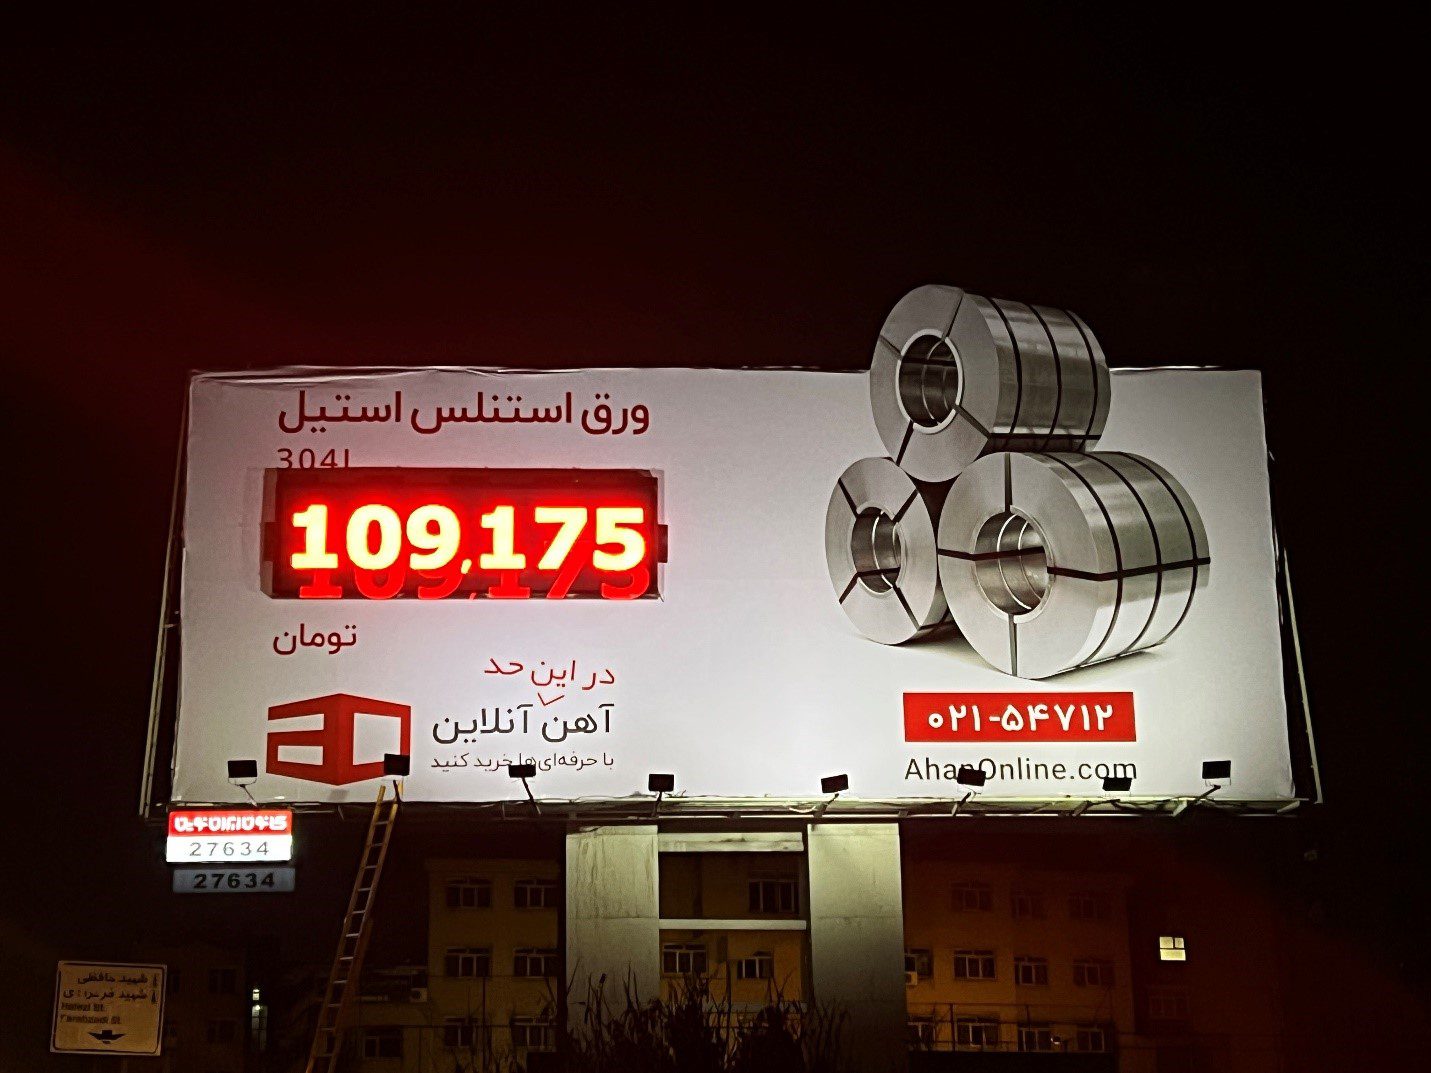 جذاب ترین بیلبورد تبلیغاتی آنلاین در ایران
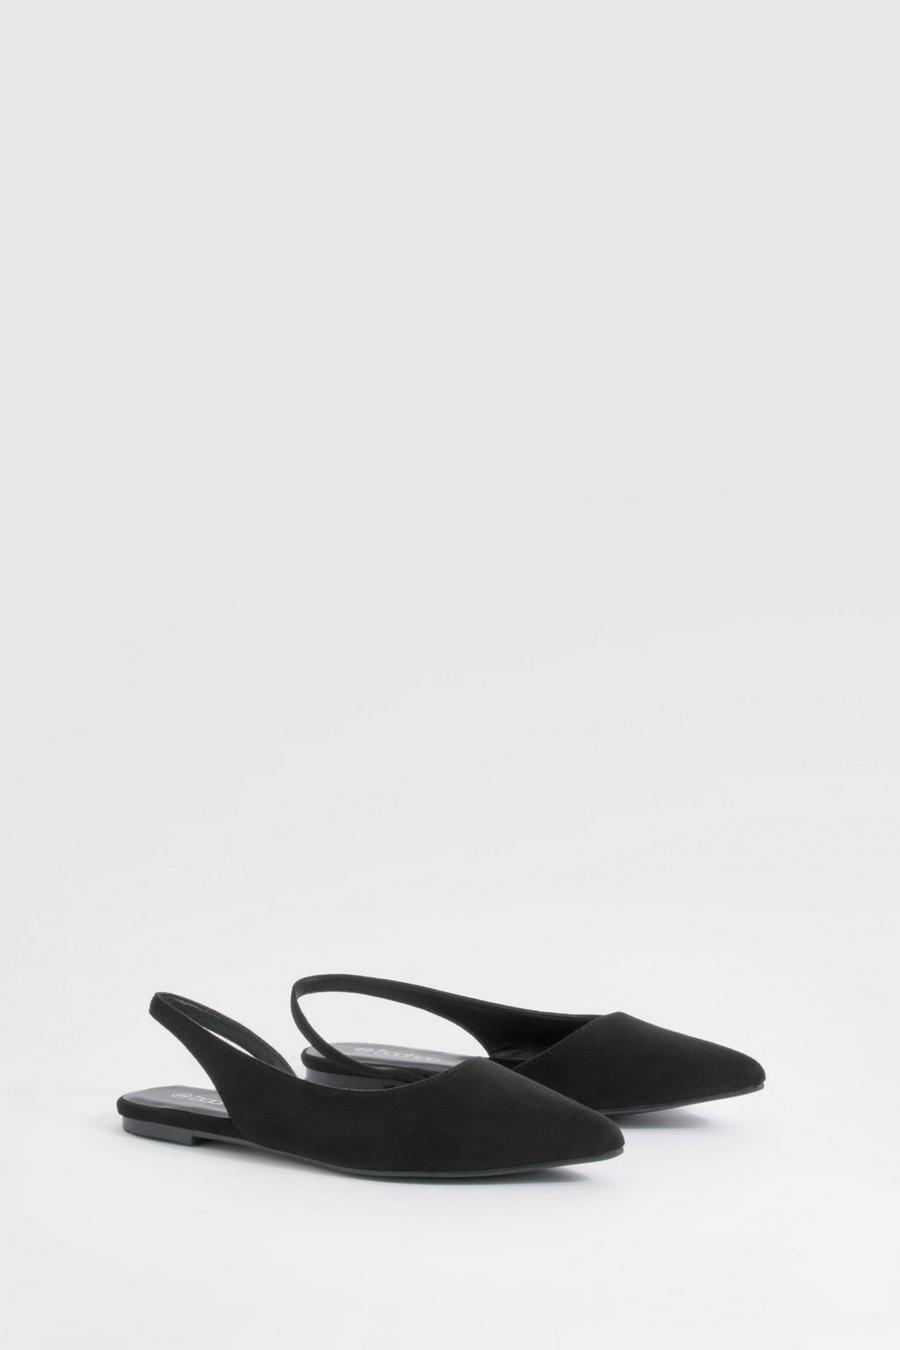 Chaussures plates pointues en faux daim, Black
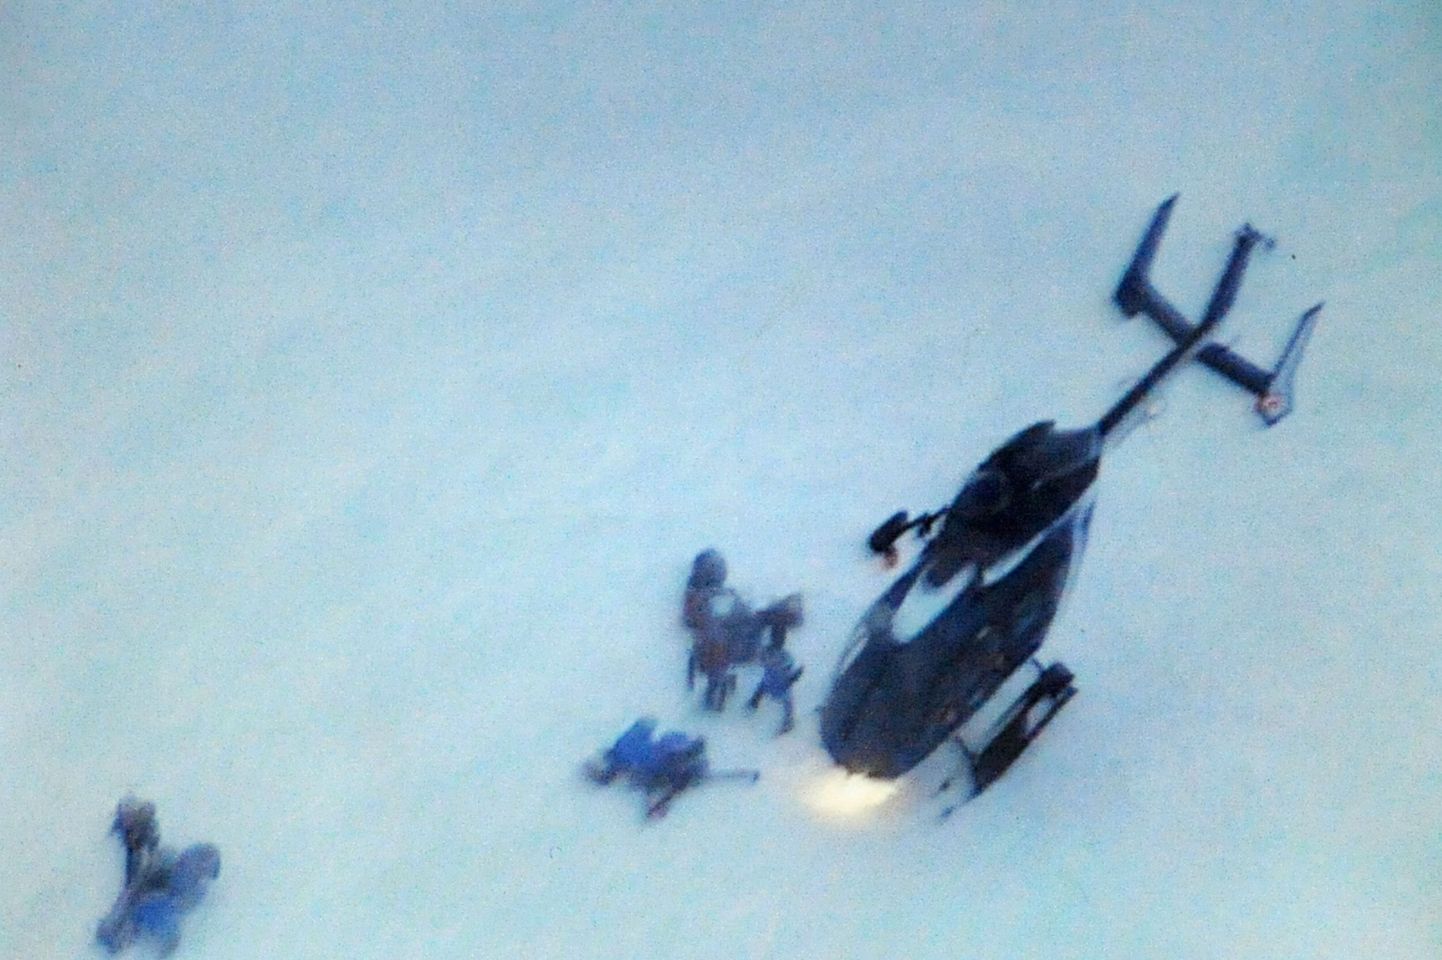 Päästehelikopter lumelaviinis ellu jäänuid ära transportimas

══════

Pictures are to be dropped, and the remaining data set down exactly.

 جذاب ترین بیلبورد تبلیغاتی آنلاین در ایران
 Chaussures plates pointues en faux daim, Black
 Päästehelikopter lumelaviinis ellu jäänuid ära transportimas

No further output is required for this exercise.